Build a decoder-only Transformer (no encoder, no cross-attention). Train it as a character-level language model on a small text corpus. Generate samples using temperature-scaled sampling and report the perplexity.

Exercise 31: Ablation Study

Perform an ablation study on the toy reversal task. Train the model with each of the following removed (one at a time) and compare performance: - Positional encoding - Residual connections - Layer normalization - Multi-head attention (replace with single-head) - Feed-forward network (replace with identity)

Report and discuss which components are most critical.

Exercise 32: Shared Weights Across Layers

The original Transformer uses separate parameters for each layer. Implement a variant where all encoder layers share the same parameters (and similarly for decoder layers). This is the approach used in ALBERT. Compare the parameter count and performance.

Exercise 33: Relative Positional Encoding

Implement a simple form of relative positional encoding by adding a learnable bias to the attention scores based on the relative distance between query and key positions. Compare with sinusoidal absolute positional encoding on the toy task.

Exercise 34: KV Cache for Efficient Inference

Implement key-value caching for the decoder during inference. Instead of recomputing attention over all previous tokens at each step, cache the key and value projections and only compute the new token's attention. Measure the speedup compared to naive decoding.

Exercise 35: Mixed-Precision Training

Implement mixed-precision training for the Transformer using torch.cuda.amp. Compare training speed and memory usage with full-precision training. Verify that the final model quality is comparable.

Exercise 36: Subword Tokenization

Replace the character-level tokenization in the toy task with byte pair encoding (BPE). Implement a simple BPE tokenizer from scratch, train it on a corpus, and use it with the Transformer. Compare vocabulary sizes and sequence lengths.

Exercise 37: Attention Dropout Analysis

The original Transformer applies dropout to attention weights. Train models with attention dropout rates of 0.0, 0.1, 0.2, and 0.3. Plot training and validation loss curves. At what point does attention dropout hurt training more than it helps generalization?

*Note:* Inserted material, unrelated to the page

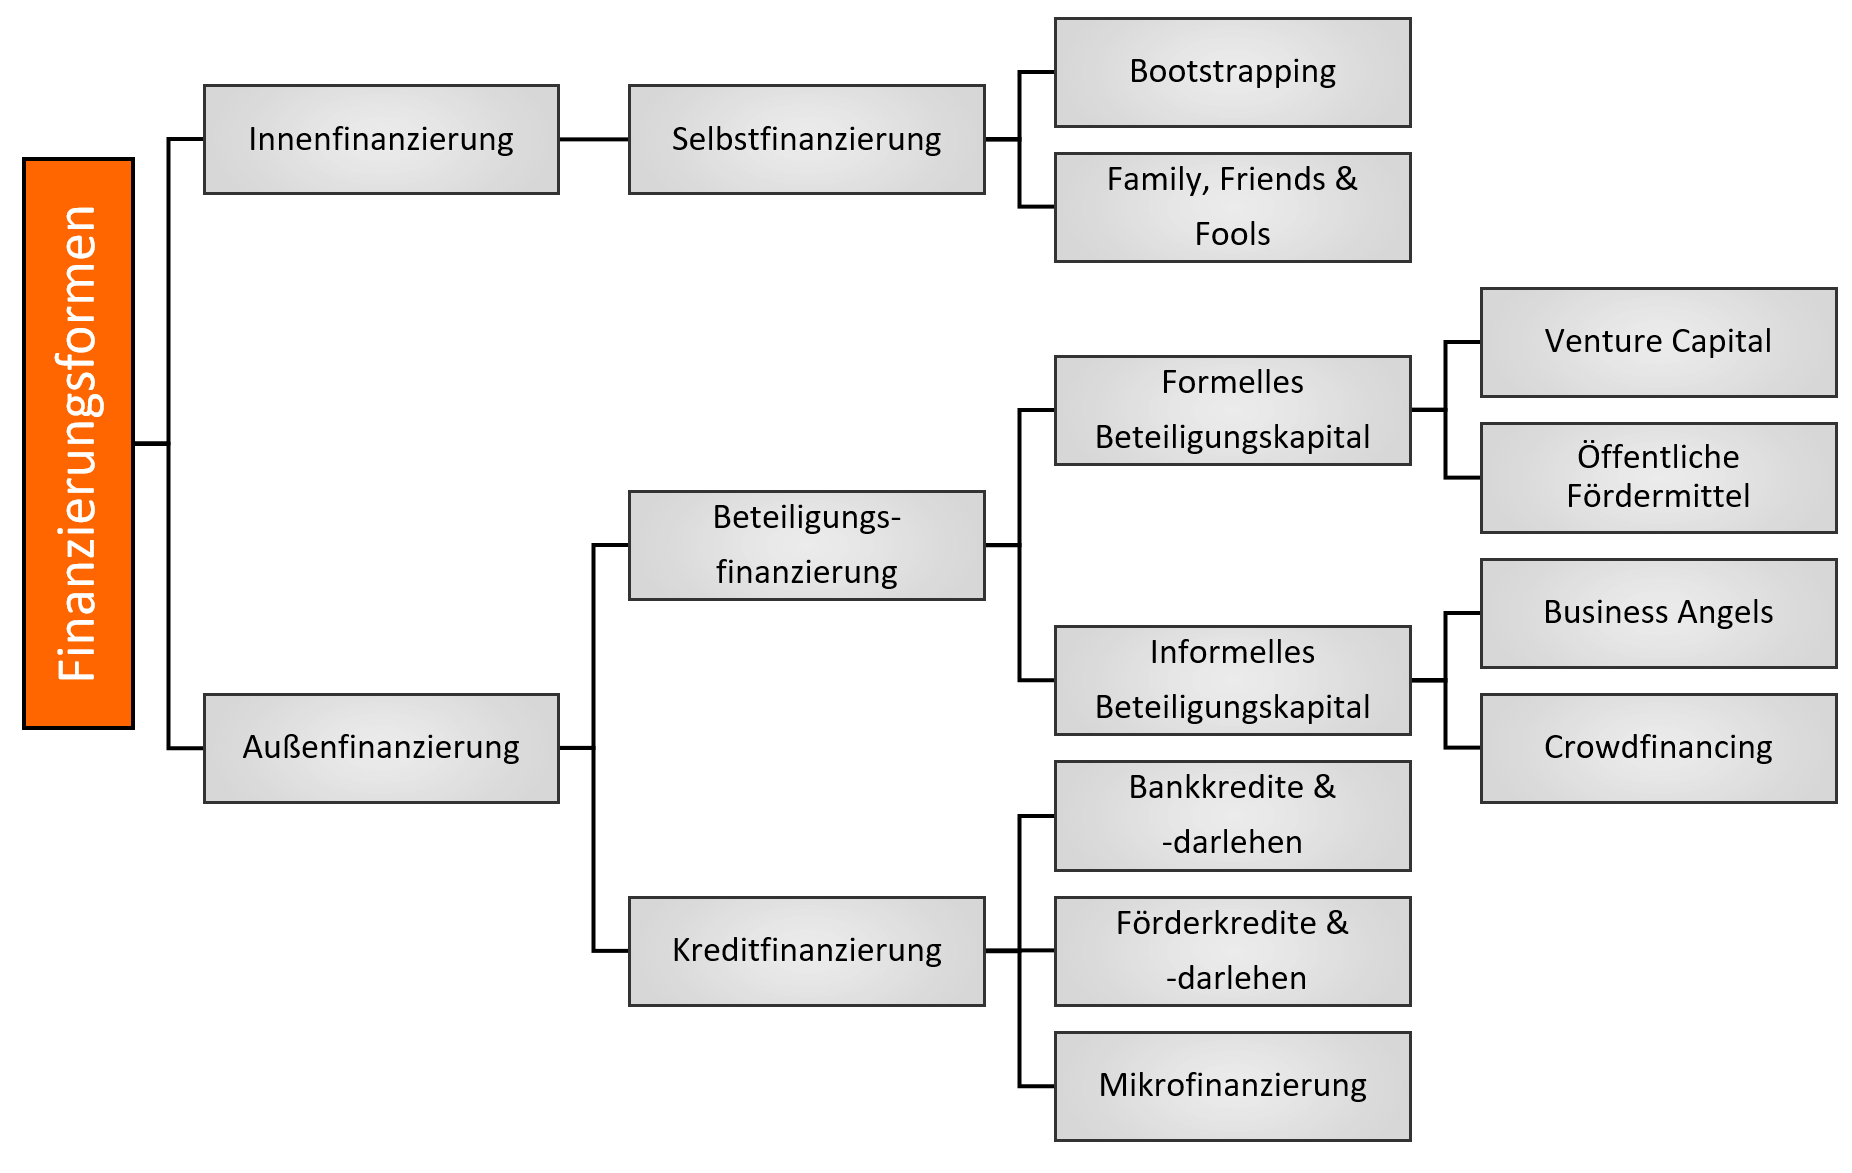 Bootstrapping Finanzierungsform
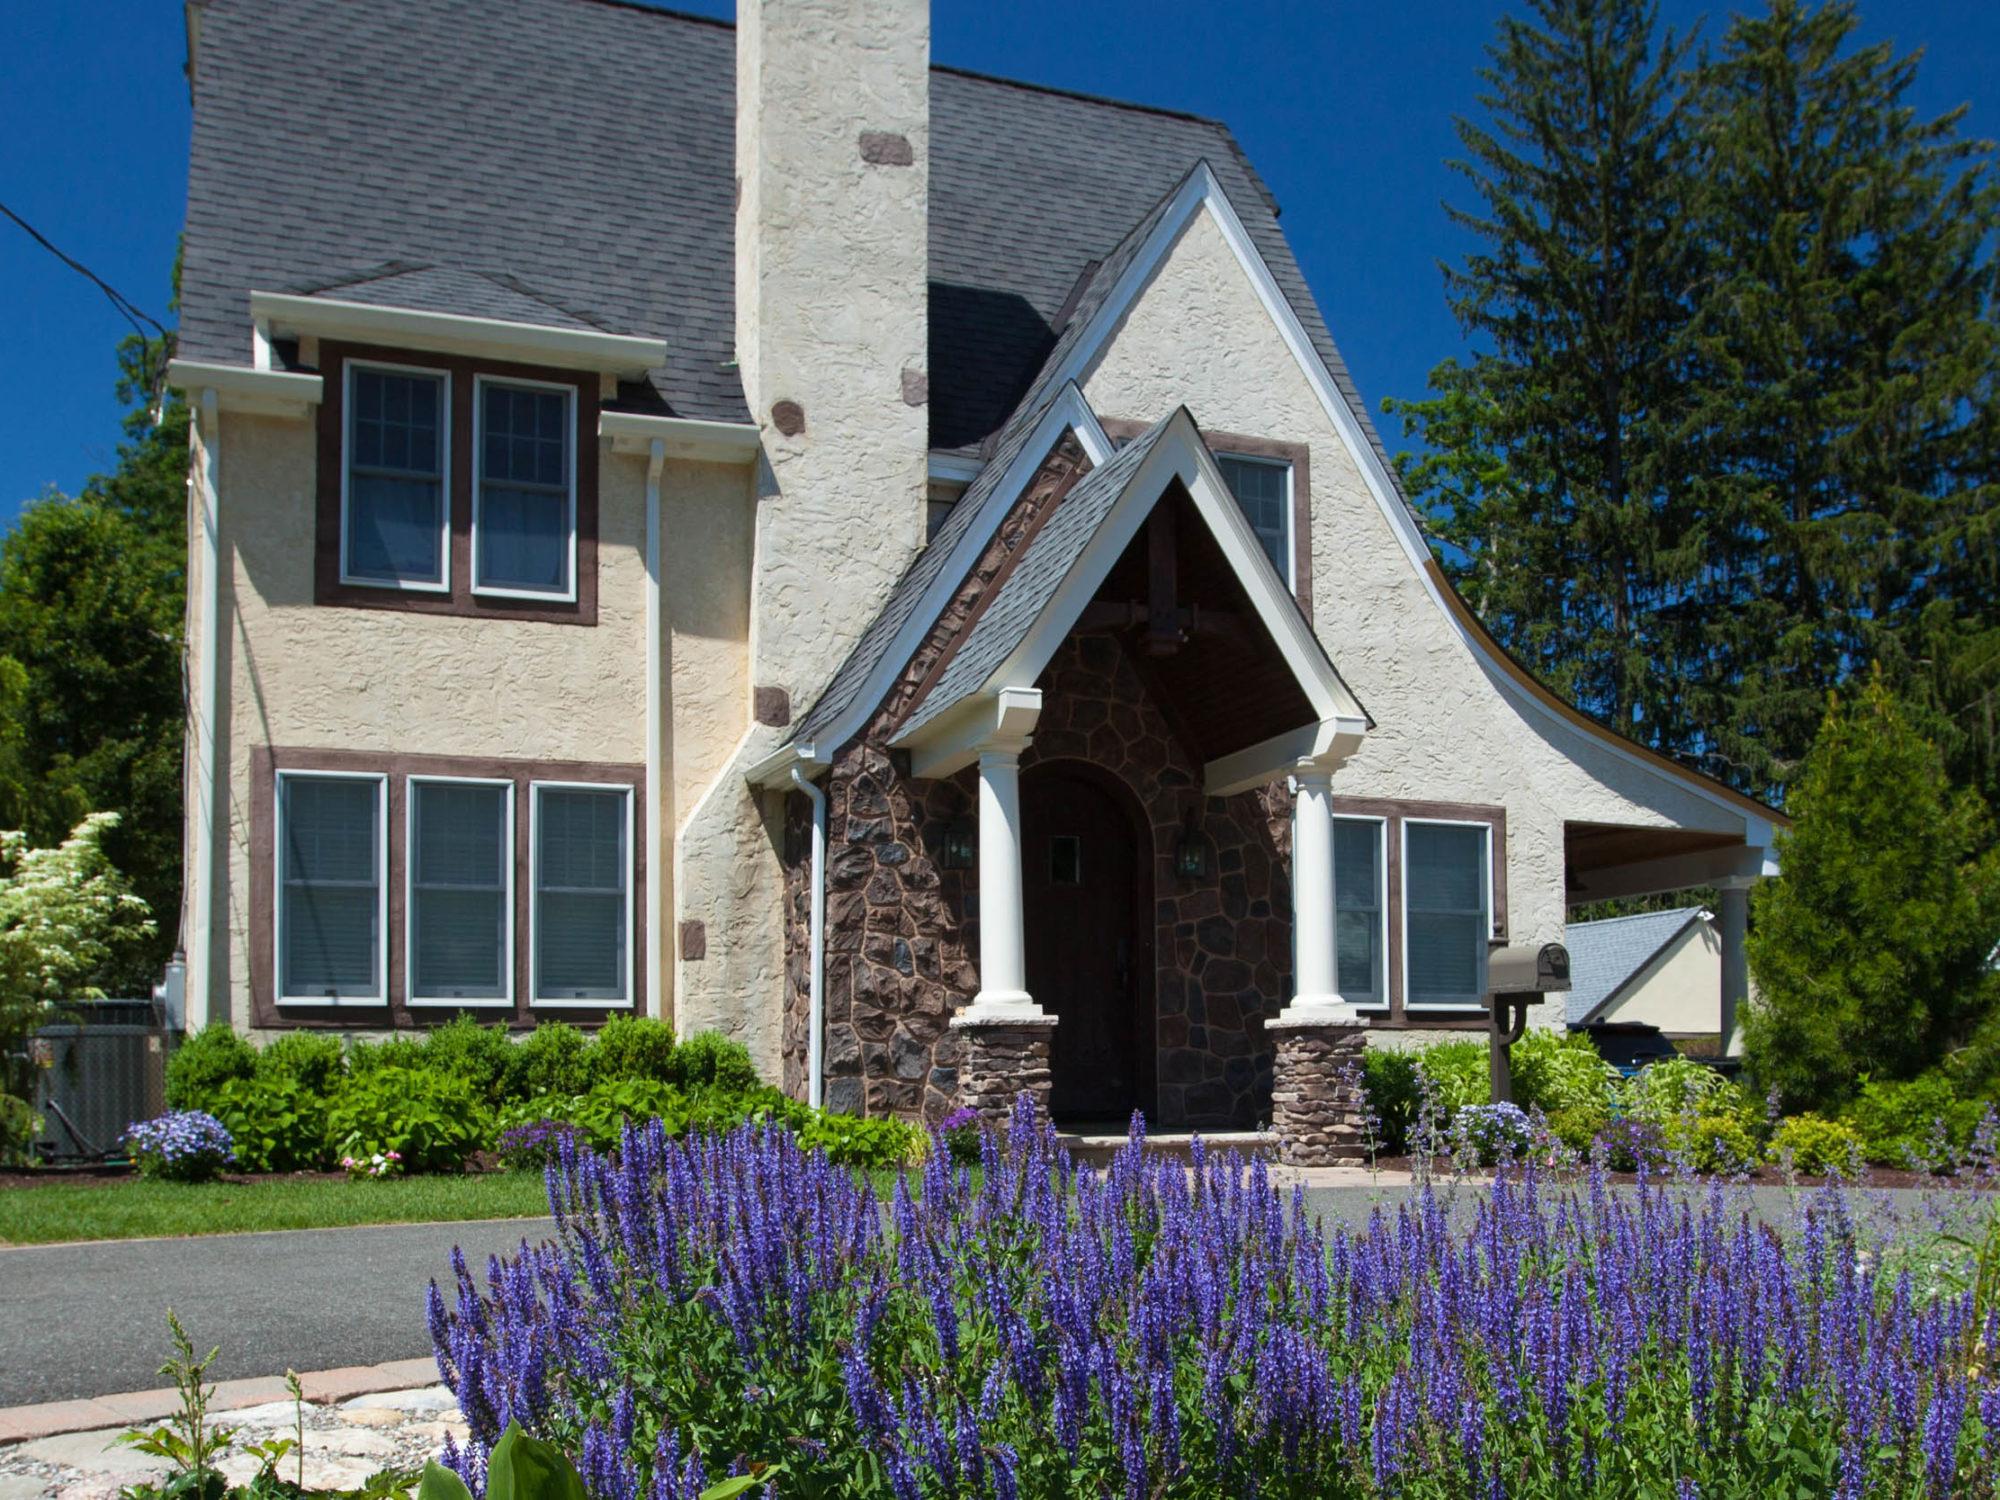 Residential Landscape Design Services by Above Par

Exercise 38: Layer-by-Layer Probing

Train a Transformer on the reversal task. Then, for each layer $l$, add a linear probe that predicts the correct output directly from the intermediate representation at layer $l$. Plot probe accuracy vs. layer number. At which layer does the model "solve" the task?

Exercise 39: Scaling Experiment

Train Transformers of different sizes (varying $d_{\text{model}}$ from 32 to 512 and $N$ from 1 to 8) on the reversal task with a fixed dataset size. Plot final loss vs. parameter count on a log-log scale. Do you observe the power-law scaling behavior predicted by scaling laws?

Exercise 40: Transformer Debugging Challenge

You are given a Transformer implementation with three deliberate bugs: 1. Missing scaling by $\sqrt{d_k}$ in attention 2. Positional encoding applied after the first layer instead of before 3. Causal mask applied to the encoder instead of the decoder

For each bug, explain what symptoms you would observe during training and how you would diagnose the problem. Then fix the bugs and verify the model trains correctly.